The records follow. Print, word for word, the first line through the "Girls Billabong Leg" line.
━━━━━ THE RECORDS
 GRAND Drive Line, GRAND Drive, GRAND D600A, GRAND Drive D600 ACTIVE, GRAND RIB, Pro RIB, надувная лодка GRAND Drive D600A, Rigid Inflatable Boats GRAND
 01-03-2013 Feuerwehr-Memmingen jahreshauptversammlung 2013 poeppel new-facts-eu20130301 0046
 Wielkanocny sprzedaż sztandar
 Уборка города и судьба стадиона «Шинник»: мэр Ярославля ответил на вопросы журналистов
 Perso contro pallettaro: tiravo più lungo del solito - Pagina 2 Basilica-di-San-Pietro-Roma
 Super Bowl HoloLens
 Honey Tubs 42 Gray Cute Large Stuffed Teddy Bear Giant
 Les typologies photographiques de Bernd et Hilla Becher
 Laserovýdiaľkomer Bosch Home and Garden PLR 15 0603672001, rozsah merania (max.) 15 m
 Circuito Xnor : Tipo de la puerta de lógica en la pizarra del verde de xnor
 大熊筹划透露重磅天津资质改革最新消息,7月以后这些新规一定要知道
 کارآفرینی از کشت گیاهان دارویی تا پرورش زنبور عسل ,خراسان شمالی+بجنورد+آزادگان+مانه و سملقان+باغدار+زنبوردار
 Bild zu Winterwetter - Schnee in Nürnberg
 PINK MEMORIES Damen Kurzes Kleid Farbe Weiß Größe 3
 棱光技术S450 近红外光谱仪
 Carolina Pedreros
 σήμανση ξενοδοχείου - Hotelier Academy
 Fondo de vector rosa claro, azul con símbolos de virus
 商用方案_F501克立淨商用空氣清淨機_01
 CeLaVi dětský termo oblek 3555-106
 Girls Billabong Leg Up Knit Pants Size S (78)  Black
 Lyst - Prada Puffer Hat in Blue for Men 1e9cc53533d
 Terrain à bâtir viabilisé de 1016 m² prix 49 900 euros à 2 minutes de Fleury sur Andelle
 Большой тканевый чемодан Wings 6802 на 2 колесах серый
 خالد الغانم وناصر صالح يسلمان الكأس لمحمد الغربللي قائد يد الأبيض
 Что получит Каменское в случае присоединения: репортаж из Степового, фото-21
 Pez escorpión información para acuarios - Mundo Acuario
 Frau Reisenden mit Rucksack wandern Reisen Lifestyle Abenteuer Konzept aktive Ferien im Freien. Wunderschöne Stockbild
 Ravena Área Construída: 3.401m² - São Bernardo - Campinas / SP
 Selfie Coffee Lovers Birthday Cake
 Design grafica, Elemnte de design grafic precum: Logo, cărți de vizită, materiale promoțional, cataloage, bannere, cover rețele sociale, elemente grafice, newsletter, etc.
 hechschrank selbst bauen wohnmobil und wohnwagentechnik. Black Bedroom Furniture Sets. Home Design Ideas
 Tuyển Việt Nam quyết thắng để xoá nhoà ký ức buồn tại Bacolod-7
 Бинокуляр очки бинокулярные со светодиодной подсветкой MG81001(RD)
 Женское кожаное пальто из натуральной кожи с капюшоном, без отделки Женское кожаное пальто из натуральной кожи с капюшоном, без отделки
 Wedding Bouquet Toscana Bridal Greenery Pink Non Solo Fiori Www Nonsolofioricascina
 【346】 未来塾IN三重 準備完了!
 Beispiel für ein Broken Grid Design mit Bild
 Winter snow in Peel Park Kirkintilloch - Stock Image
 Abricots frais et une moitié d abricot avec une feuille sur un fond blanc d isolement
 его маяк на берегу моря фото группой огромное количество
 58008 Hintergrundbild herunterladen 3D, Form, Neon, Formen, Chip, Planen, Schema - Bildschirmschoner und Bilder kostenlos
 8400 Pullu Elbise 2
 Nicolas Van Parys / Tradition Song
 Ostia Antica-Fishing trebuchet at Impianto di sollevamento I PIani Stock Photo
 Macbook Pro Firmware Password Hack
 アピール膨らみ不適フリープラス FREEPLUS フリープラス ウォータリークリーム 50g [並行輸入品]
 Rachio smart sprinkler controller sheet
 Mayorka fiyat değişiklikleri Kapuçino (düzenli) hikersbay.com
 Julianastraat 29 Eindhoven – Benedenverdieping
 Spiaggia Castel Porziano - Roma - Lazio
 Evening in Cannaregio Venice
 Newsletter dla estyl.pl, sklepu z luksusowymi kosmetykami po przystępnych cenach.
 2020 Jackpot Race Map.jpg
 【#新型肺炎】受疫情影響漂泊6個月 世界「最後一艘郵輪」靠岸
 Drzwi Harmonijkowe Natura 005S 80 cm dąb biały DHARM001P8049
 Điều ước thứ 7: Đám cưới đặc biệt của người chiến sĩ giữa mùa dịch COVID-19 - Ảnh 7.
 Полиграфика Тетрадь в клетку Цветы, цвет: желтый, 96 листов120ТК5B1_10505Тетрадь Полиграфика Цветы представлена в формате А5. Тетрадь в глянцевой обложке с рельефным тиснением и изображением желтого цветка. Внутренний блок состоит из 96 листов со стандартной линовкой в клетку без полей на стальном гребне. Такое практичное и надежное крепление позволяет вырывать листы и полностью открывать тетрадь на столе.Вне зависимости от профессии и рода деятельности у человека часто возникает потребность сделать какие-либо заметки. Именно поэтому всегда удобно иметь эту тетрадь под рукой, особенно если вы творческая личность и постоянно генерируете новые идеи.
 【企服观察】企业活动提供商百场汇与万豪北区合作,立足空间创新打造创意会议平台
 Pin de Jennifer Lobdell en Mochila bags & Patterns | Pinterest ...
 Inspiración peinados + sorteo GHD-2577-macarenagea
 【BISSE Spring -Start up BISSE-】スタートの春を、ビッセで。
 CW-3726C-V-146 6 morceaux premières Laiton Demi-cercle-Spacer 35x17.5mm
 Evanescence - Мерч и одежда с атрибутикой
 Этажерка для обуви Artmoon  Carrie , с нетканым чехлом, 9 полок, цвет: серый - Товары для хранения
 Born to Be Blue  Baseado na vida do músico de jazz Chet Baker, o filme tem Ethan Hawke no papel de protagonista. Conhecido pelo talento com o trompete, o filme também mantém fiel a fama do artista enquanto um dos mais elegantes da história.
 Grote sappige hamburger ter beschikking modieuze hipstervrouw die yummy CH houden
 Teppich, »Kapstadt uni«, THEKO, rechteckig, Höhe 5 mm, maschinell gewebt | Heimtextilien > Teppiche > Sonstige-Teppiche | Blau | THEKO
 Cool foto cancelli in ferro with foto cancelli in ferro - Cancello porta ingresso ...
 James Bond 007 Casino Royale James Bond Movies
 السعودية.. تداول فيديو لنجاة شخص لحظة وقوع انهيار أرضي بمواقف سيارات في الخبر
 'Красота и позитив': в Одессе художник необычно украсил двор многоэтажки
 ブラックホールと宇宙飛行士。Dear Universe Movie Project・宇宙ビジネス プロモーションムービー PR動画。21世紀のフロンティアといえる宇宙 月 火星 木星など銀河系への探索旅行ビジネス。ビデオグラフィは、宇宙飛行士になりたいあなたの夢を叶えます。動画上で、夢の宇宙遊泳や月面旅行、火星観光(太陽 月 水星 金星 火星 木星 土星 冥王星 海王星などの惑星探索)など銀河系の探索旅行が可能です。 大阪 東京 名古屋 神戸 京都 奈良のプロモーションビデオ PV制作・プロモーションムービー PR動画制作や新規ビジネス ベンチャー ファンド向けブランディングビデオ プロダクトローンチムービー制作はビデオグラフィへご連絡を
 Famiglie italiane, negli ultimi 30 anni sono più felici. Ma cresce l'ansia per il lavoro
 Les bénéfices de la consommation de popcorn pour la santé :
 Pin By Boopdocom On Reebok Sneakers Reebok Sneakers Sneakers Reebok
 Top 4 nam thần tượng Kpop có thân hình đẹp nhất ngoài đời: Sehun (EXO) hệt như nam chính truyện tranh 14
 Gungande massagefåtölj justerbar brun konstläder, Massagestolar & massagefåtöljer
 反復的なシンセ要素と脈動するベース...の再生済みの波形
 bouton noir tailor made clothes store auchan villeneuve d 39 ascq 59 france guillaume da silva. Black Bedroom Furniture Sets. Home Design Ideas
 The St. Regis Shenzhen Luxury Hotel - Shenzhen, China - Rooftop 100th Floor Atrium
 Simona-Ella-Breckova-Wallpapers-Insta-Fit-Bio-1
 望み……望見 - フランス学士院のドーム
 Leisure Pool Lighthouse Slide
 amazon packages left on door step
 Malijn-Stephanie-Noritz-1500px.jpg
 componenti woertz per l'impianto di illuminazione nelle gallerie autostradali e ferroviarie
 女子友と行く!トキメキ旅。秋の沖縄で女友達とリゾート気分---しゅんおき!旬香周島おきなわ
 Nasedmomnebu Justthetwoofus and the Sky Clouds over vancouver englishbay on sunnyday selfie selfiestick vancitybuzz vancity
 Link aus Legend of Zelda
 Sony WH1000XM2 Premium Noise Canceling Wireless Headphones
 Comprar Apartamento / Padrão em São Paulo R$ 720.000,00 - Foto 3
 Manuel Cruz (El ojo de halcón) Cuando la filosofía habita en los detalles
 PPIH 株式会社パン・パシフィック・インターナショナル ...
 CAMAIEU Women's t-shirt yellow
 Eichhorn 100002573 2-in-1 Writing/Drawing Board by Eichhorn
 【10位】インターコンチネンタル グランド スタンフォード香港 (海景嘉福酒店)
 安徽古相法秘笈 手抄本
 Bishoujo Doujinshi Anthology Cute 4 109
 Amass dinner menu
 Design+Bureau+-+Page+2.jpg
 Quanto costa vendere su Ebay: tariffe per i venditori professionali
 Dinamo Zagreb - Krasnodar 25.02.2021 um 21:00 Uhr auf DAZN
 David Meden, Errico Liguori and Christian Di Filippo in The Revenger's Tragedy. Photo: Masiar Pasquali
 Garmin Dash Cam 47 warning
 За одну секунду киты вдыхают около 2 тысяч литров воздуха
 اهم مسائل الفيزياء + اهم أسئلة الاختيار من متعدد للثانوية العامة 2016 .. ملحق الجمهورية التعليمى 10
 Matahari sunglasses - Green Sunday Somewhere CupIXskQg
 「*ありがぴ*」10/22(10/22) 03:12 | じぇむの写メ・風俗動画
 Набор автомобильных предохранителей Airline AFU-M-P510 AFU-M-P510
━━━━━━━━━━
RESPONSE AREA:
 GRAND Drive Line, GRAND Drive, GRAND D600A, GRAND Drive D600 ACTIVE, GRAND RIB, Pro RIB, надувная лодка GRAND Drive D600A, Rigid Inflatable Boats GRAND
 01-03-2013 Feuerwehr-Memmingen jahreshauptversammlung 2013 poeppel new-facts-eu20130301 0046
 Wielkanocny sprzedaż sztandar
 Уборка города и судьба стадиона «Шинник»: мэр Ярославля ответил на вопросы журналистов
 Perso contro pallettaro: tiravo più lungo del solito - Pagina 2 Basilica-di-San-Pietro-Roma
 Super Bowl HoloLens
 Honey Tubs 42 Gray Cute Large Stuffed Teddy Bear Giant
 Les typologies photographiques de Bernd et Hilla Becher
 Laserovýdiaľkomer Bosch Home and Garden PLR 15 0603672001, rozsah merania (max.) 15 m
 Circuito Xnor : Tipo de la puerta de lógica en la pizarra del verde de xnor
 大熊筹划透露重磅天津资质改革最新消息,7月以后这些新规一定要知道
 کارآفرینی از کشت گیاهان دارویی تا پرورش زنبور عسل ,خراسان شمالی+بجنورد+آزادگان+مانه و سملقان+باغدار+زنبوردار
 Bild zu Winterwetter - Schnee in Nürnberg
 PINK MEMORIES Damen Kurzes Kleid Farbe Weiß Größe 3
 棱光技术S450 近红外光谱仪
 Carolina Pedreros
 σήμανση ξενοδοχείου - Hotelier Academy
 Fondo de vector rosa claro, azul con símbolos de virus
 商用方案_F501克立淨商用空氣清淨機_01
 CeLaVi dětský termo oblek 3555-106
 Girls Billabong Leg Up Knit Pants Size S (78)  Black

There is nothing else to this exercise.